Archive for the 'functional programming' Category

Layout Language

February 8, 2009

To my surprise, I didn’t get any error messages any longer after I stopped using multithreading. All I had to do to fix it was catch all exceptions from the evaluation loop and call a function to print an error message when an exception was caught, but I didn’t realize that at first. Instead, I wasted many hours fighting with Chicken. I got tired and frustrated and didn’t get as much work done as I had hoped.

However, I did start hacking on a sublanguage for automatic layout of user interface components. The idea is that you should be able to specify a layout using a clean declarative language, much like HTML or Mozilla’s XUL. That way you don’t have to write as much code to arrange buttons and the like, and the specifications will be much more readable and easier to change than imperative code.

Here is an example of the kind of declaration I’m aiming to support:

(hbox (width: 100 %)
  (hbox (align: left) ship tiger stuka)
  (hbox (align: right) end-button exit-button))

A hbox is a container that arranges its components horizontally, from left to right.
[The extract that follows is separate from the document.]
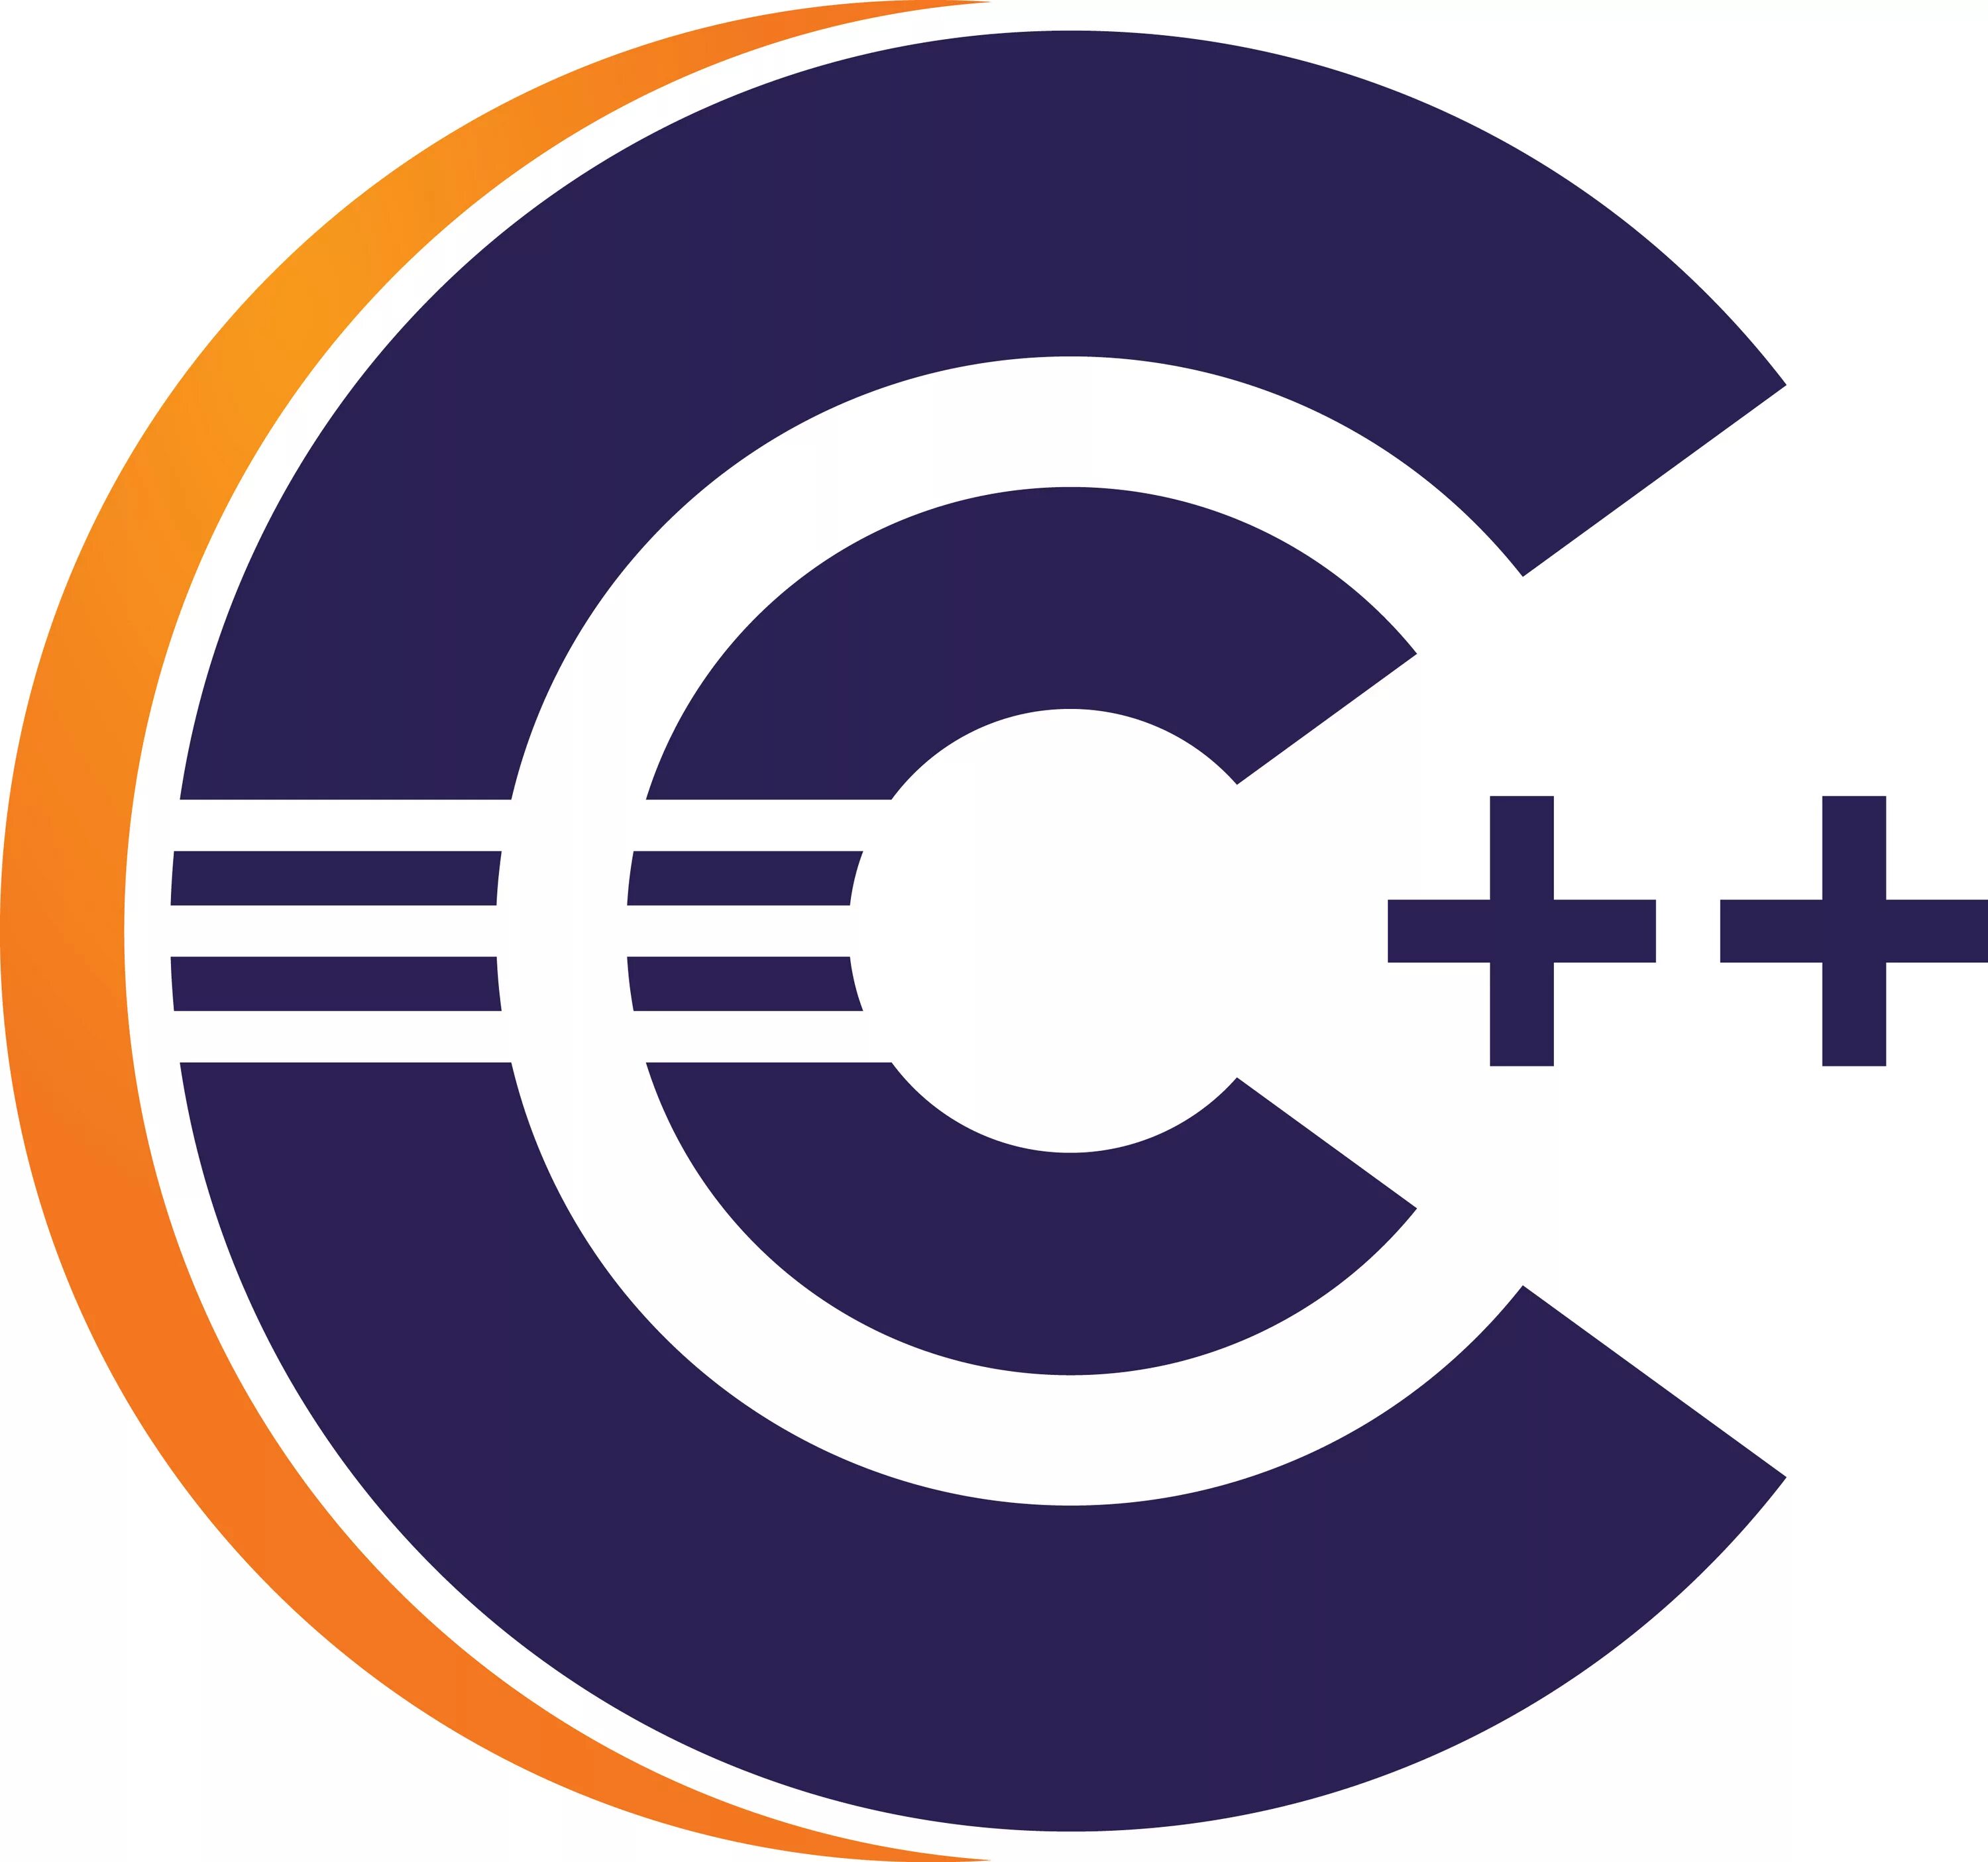 Cpp vector. Логотип си. С++ логотип. C язык программирования логотип. Eclipse c++ логотип.

In this case, there is a hbox that contains two other hboxes. One of them is left aligned and contains the components ship, tiger and stuka; And the other one is right aligned and contains end-button and exit-button. In other words, it means something like the following pseudo-HTML:


<hbox width="100%">
 <hbox align="left"> ship tiger stuka </hbox>
 <hbox align="right"> end-button exit-button </hbox>
</hbox>

Box nesting does not work yet, but alignment does. Automatic layout management actually appears to be quite easy to implement, at least if all you want is something HTML-like. You just make two passes over the tree–first, a bottom-up pass that calculates the size of all components, and then a top-down sweep that positions them.
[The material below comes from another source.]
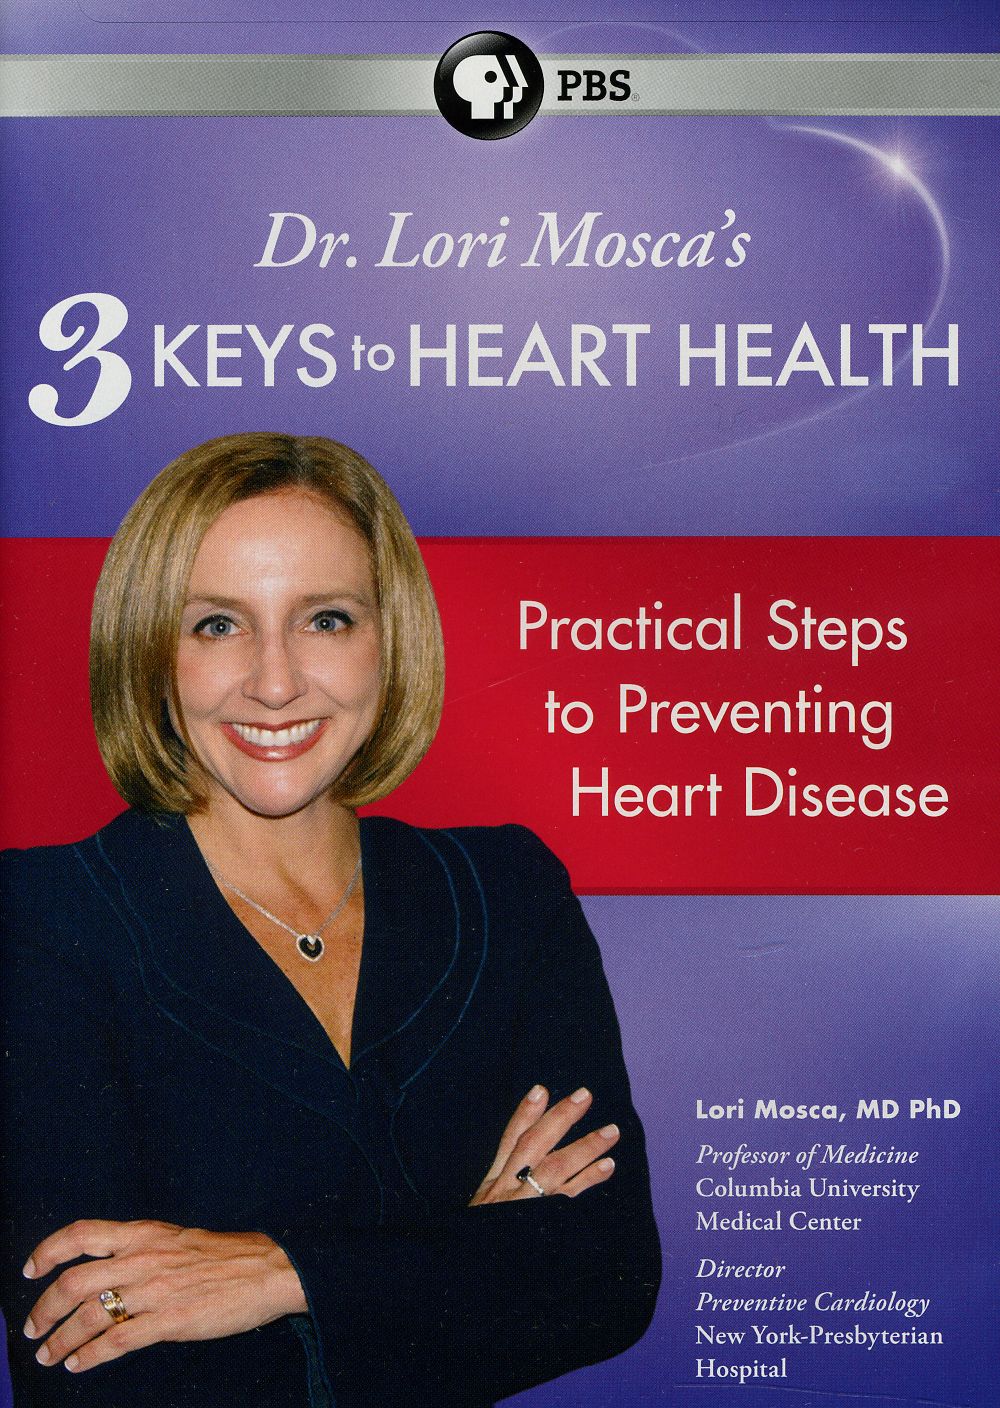 DR LORI MOSCA'S 3 KEYS TO HEART HEALTH

After writing some code for arranging components horizontally I asked a friend of mine who is very proficient in functional languages if he knew a general way of expressing the iteration that could replace the ad-hoc code I had written. He came up with this neat piece of code and its brilliant name:

;; Return a list of results from applications of ‘termfun’ to the
;; elements of ’sequence’ and a carry.
;; ‘carryfn’ is used to calculate the next carry from the previous one
;; and the current element of the sequence.
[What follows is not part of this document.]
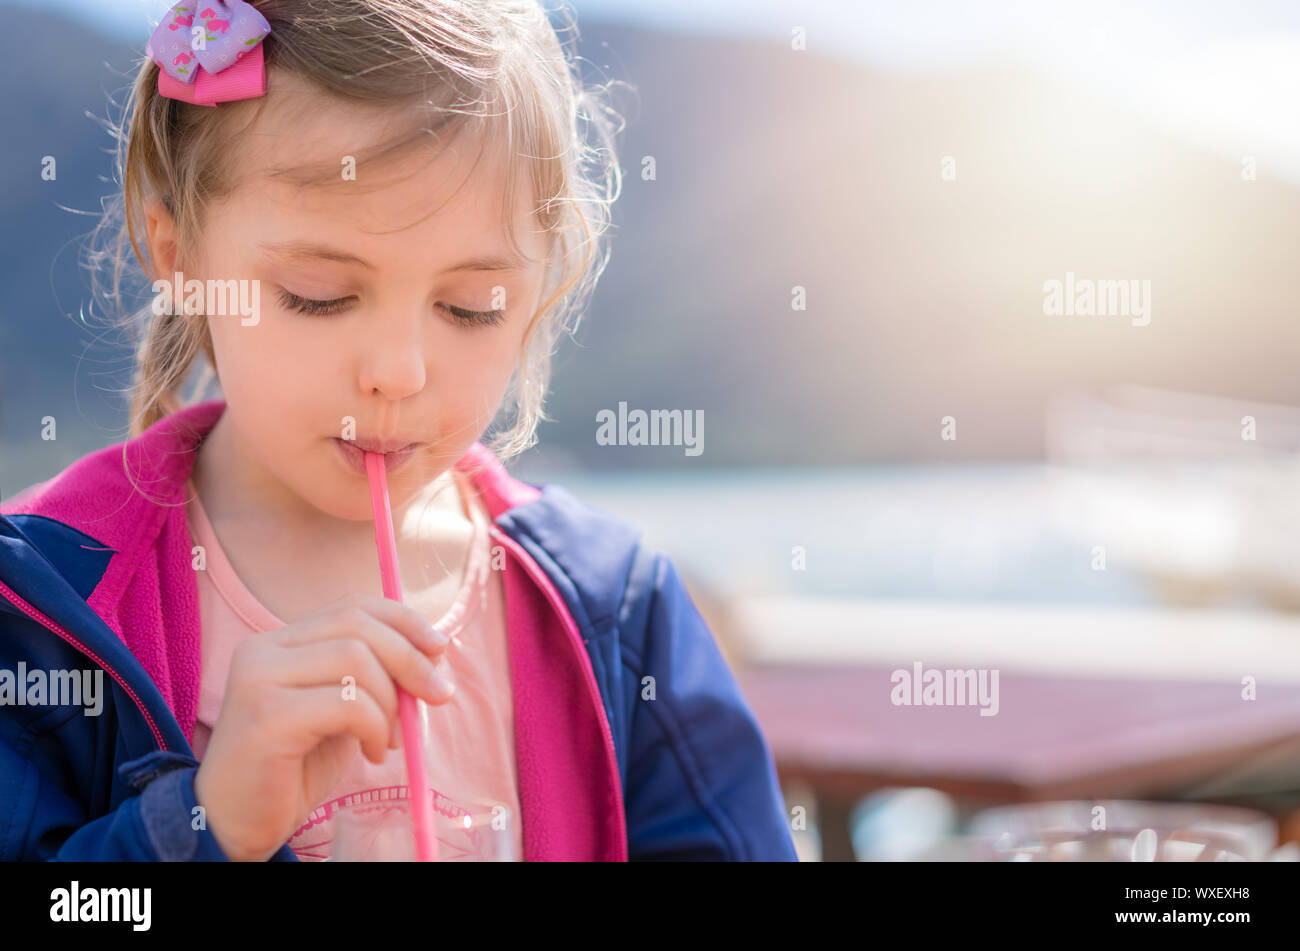 Cute little girl drinking fruit juice using straw Stock Photo

(define (map/carry termfn carryfn carry sequence)
  (if (null? sequence)
    ’()
    (cons (termfn (car sequence) carry)
      (map/carry termfn carryfn
        (carryfn (car sequence) carry)
        (cdr sequence)))))

Using map/carry I could express a function for horizontal distribution of components without using any explicit iteration. Beautiful! Thanks, Tord. I considered many names for a similar iteration construct that remembered earlier results, but none of them was as succinct as “map/carry”.